━━━ DATA LISTING
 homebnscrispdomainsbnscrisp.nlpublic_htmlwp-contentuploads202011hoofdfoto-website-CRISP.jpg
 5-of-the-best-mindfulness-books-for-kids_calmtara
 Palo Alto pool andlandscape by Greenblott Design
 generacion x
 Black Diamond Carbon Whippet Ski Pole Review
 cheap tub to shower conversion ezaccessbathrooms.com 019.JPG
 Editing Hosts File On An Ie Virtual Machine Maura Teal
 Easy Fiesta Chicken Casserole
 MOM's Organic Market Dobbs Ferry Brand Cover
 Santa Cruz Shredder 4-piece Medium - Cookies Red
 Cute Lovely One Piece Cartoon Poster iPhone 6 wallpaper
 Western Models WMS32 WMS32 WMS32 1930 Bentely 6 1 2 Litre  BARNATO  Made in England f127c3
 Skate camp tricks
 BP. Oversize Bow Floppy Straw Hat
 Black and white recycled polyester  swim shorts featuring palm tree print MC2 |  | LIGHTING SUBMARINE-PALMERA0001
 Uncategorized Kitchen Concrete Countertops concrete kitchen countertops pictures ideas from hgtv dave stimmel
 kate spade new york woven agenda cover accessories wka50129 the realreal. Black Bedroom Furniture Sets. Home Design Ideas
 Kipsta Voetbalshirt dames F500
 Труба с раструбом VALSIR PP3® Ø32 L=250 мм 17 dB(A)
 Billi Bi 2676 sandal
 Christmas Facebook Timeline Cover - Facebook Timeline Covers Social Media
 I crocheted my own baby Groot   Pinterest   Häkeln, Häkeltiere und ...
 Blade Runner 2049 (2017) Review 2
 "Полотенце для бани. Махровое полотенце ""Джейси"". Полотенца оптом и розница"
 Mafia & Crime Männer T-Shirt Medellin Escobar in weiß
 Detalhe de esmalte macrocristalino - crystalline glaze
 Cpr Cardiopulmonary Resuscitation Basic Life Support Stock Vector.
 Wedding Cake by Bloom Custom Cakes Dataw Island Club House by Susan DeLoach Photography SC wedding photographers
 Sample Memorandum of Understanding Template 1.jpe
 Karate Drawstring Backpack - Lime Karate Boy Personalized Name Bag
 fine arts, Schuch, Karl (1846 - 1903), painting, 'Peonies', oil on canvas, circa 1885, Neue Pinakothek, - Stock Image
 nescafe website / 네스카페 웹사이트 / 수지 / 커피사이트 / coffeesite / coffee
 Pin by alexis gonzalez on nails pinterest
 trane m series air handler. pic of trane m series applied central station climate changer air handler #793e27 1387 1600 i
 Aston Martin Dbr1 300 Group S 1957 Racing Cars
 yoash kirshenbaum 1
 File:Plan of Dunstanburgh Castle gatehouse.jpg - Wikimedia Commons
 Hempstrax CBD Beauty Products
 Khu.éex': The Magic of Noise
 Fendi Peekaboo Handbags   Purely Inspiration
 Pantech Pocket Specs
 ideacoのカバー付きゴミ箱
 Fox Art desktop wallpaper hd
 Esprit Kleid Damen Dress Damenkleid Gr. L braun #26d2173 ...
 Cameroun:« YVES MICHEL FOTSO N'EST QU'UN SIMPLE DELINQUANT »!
━━━━━━
Would you print exactly, and only, the lines of the data above from the line with "Sample Memorandum of" through the line with "Pin by alexis gonzalez on nails pinterest", inclusive?

# [RESULT OF THIS EXERCISE]
 Sample Memorandum of Understanding Template 1.jpe
 Karate Drawstring Backpack - Lime Karate Boy Personalized Name Bag
 fine arts, Schuch, Karl (1846 - 1903), painting, 'Peonies', oil on canvas, circa 1885, Neue Pinakothek, - Stock Image
 nescafe website / 네스카페 웹사이트 / 수지 / 커피사이트 / coffeesite / coffee
 Pin by alexis gonzalez on nails pinterest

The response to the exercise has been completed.